Generative AI and the Tenuous State of Election Security in Canada


In an era where technology is evolving at an unprecedented pace, the landscape of election security is facing a new, formidable challenge. The latest biannual report from Canada's Communications Security Establishment (CSE) reveals a concerning surge in the use of generative AI systems by threat actors to influence elections globally, with a particular emphasis on Canada. As the availability of synthetic content generation technology grows, the CSE anticipates a rise in cyber threats, making it increasingly challenging to detect and combat these sophisticated manipulations. This article delves into the key findings of the report, shedding light on the growing threat of generative AI in election interference and the potential implications for Canada's democratic processes.

The Rise of Synthetic Content

The CSE report underscores a noticeable uptick in synthetic content, including deepfake images, videos, and news related to elections, since its 2021 iteration. This surge is attributed to the heightened accessibility of technologies enabling the creation of synthetic content. The report suggests that the next two years will witness a substantial increase in AI synthetic content generation, posing a severe challenge to the detection of manipulated information. As a consequence, the trust of Canadians in online political information is likely to erode, creating an environment susceptible to misinformation and disinformation campaigns.

Foreign Adversaries and Generative AI

According to the CSE report, cyber threat activities targeting democratic processes are perceived by adversaries as an effective and relatively low-risk method of influencing policy outcomes in Canada. Foreign actors, especially from Russia and China, are expected to leverage generative AI to target Canada's federal election in the coming years.

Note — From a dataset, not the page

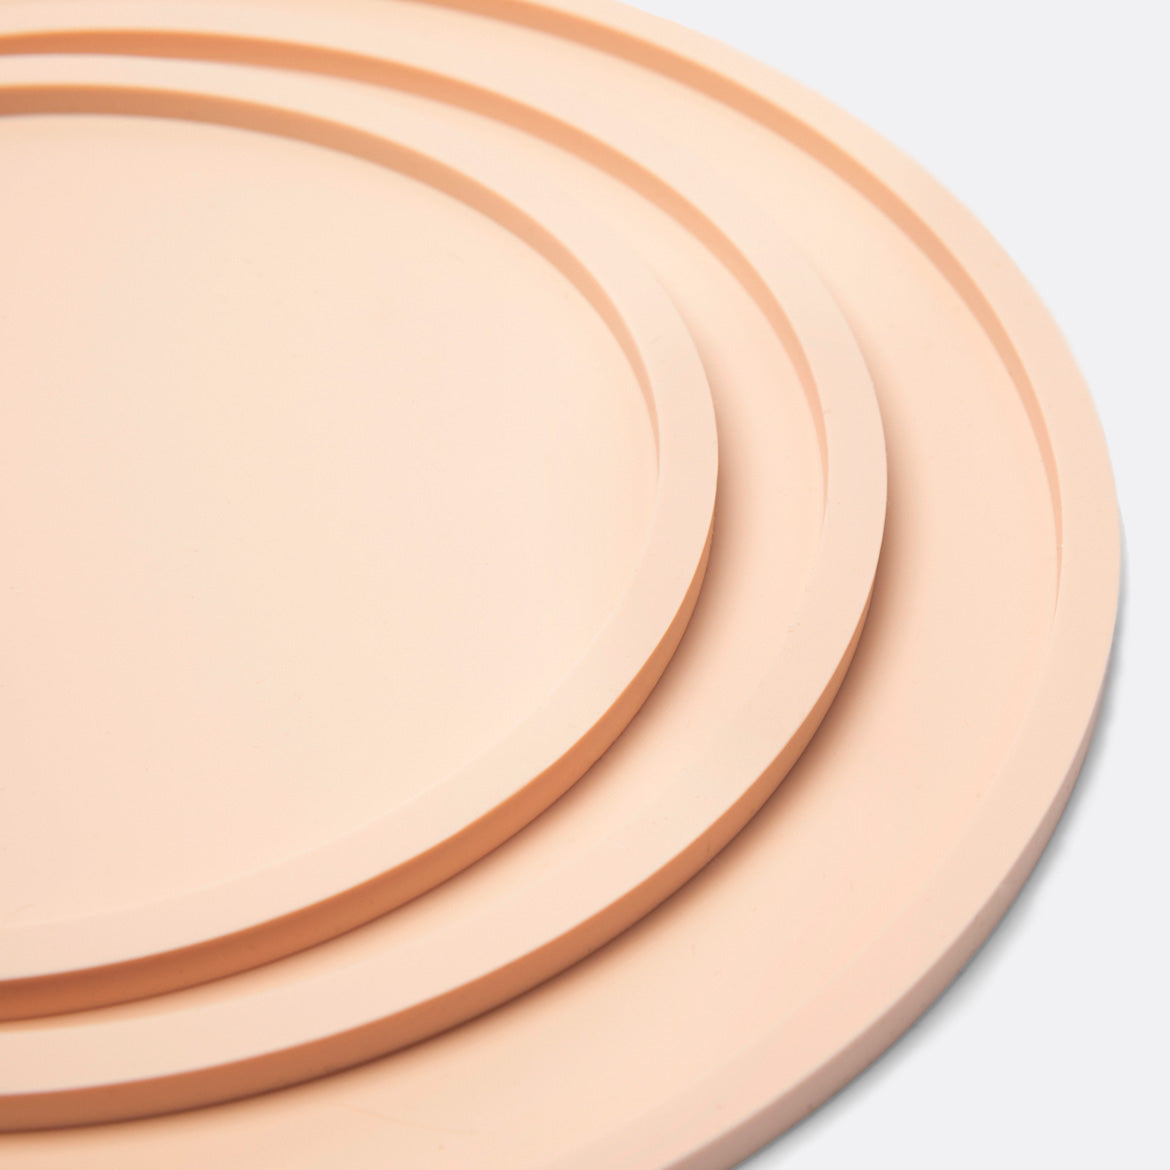 Habit Circle Non-slip Silicon Dog Bowl Placemat three sizes by Waggo in pink - detail view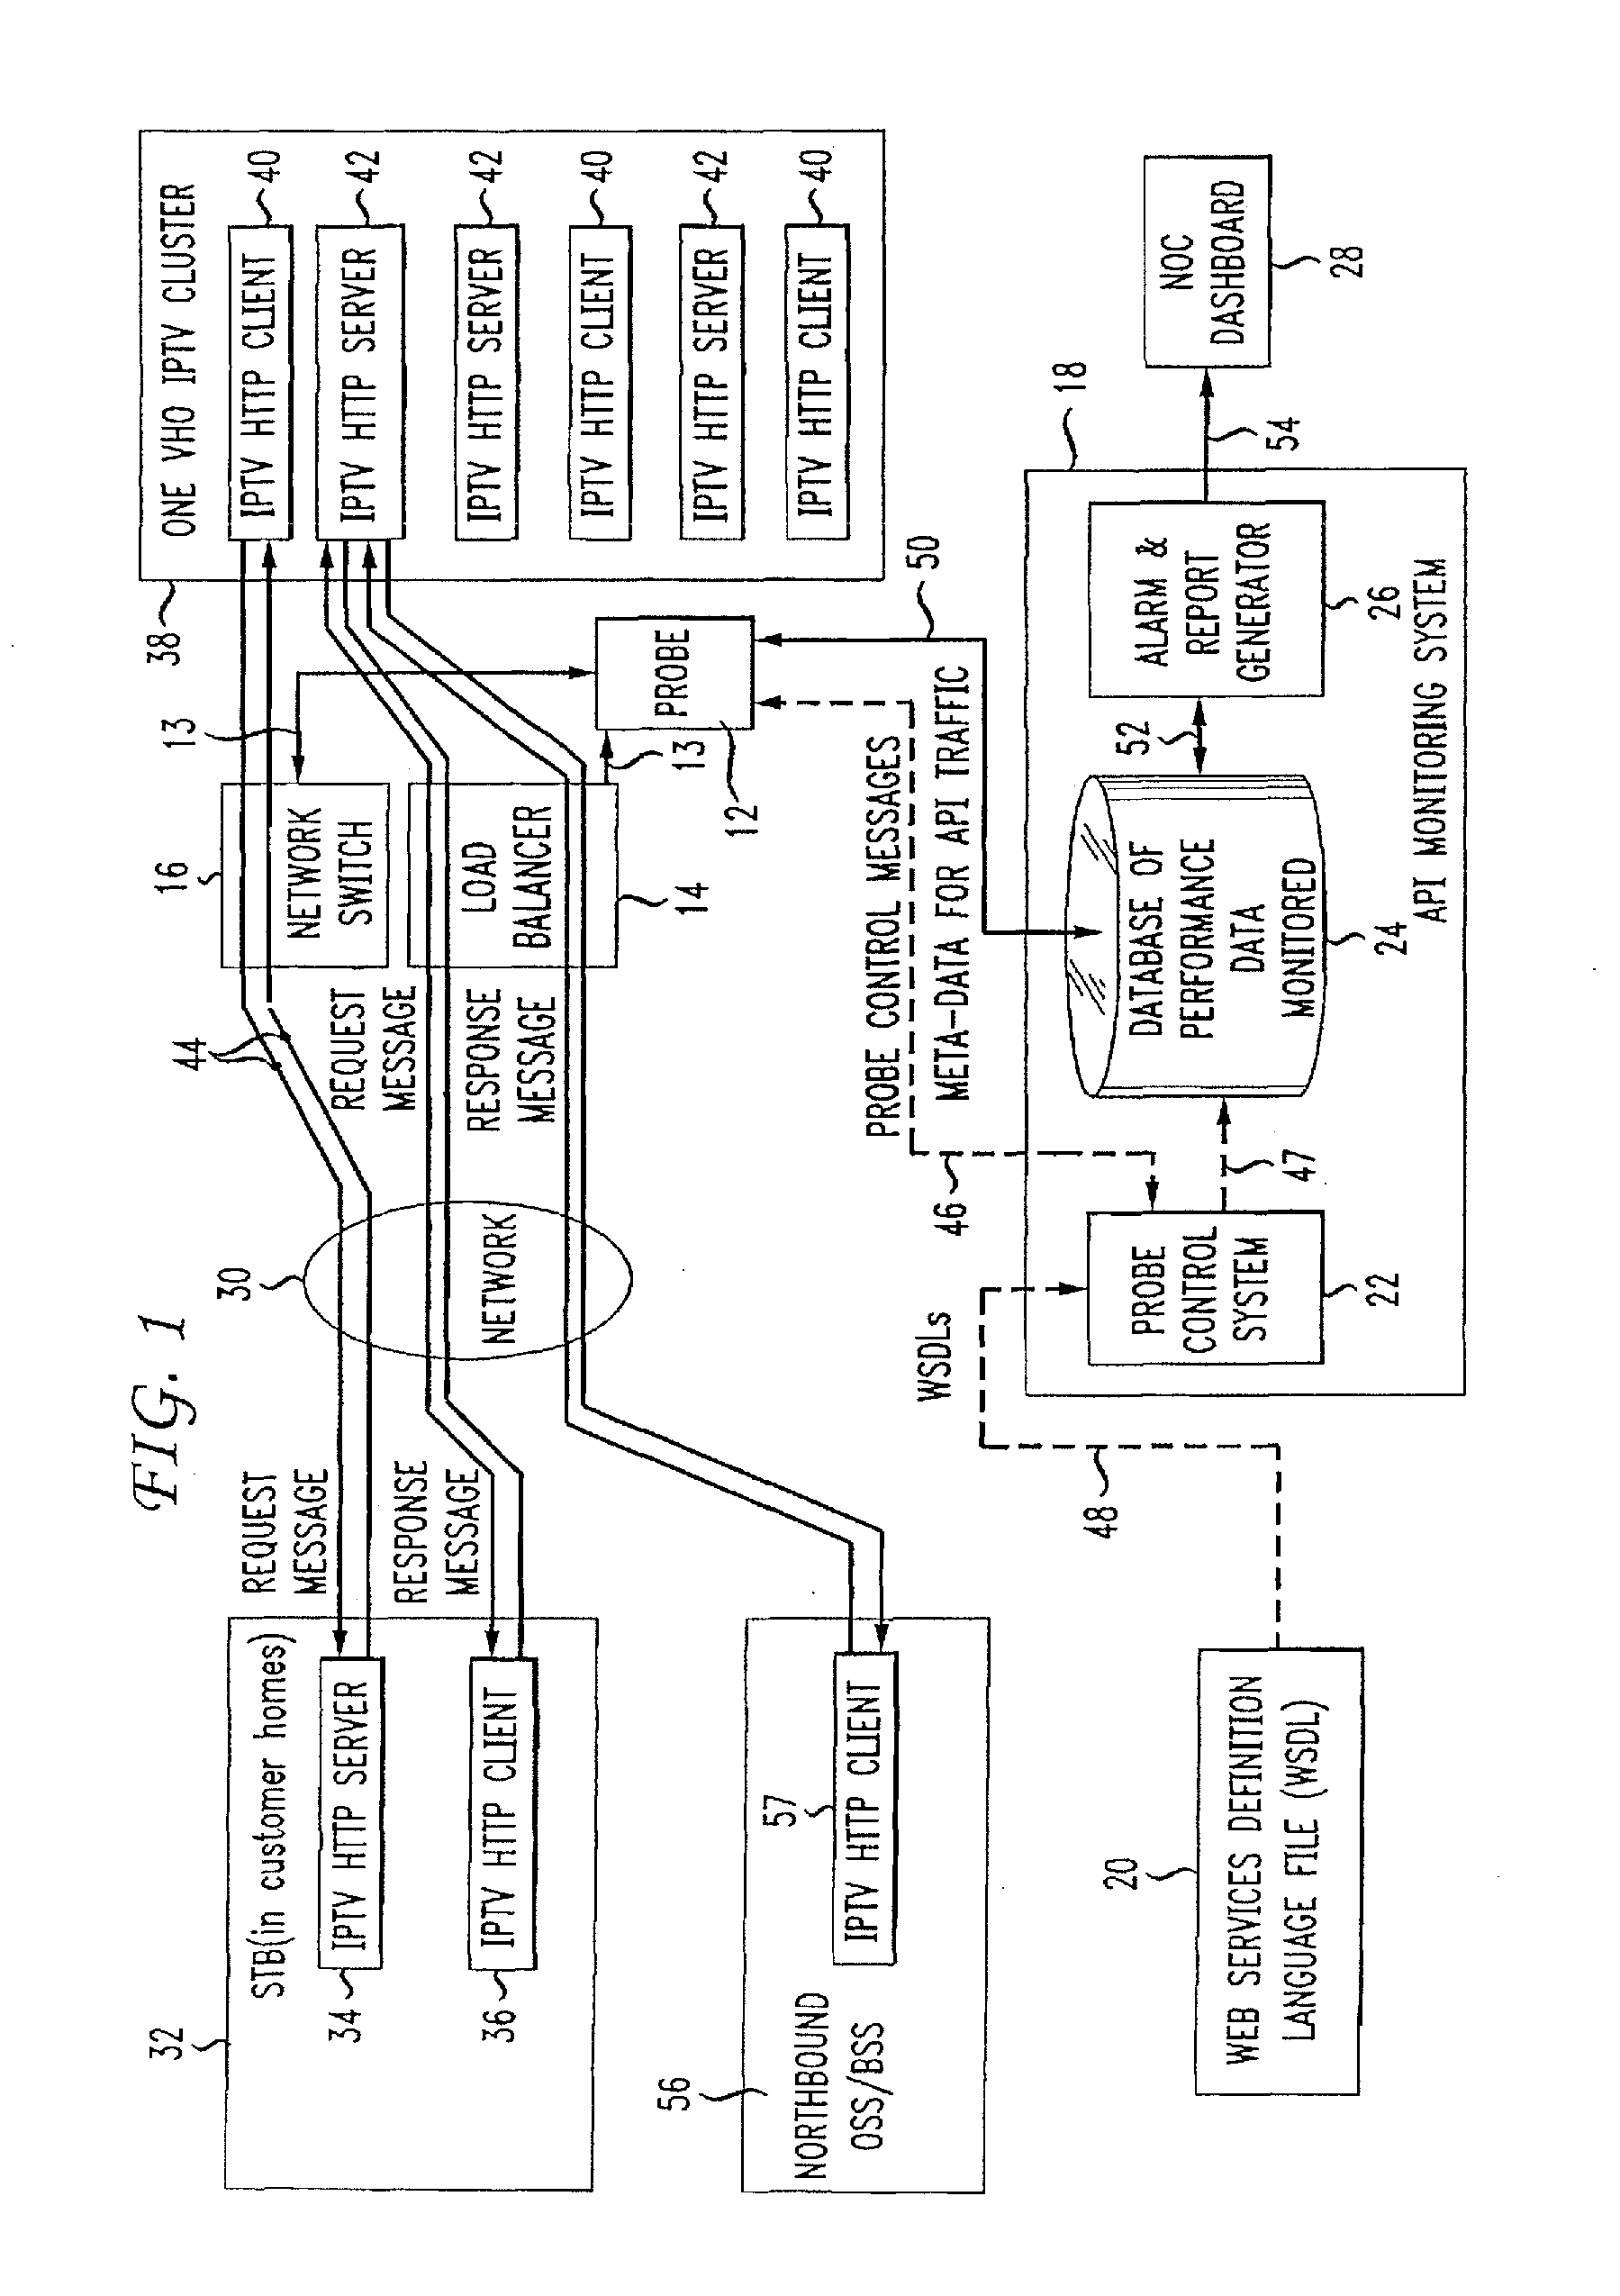 Method and Apparatus for Measuring the End-to-End Performance and Capacity of Complex Network Service

The report warns of an impending surge in cyber incidents during the next federal election, emphasizing the need for robust cybersecurity measures to safeguard the integrity of the democratic process.

The Landscape of Cyber Threats

The CSE, a vital component of the Defence Department, is tasked with protecting federal IT networks and plays a pivotal role in intercepting and breaking foreign codes. Notably, the report highlights that a significant portion (85%) of cyber threat activity targeting national elections in the past year could not be attributed to state-sponsored actors. This anonymity is a testament to the sophisticated techniques employed by threat actors, ranging from obfuscating their origins to outsourcing attacks to third parties, including commercial public relations or marketing firms.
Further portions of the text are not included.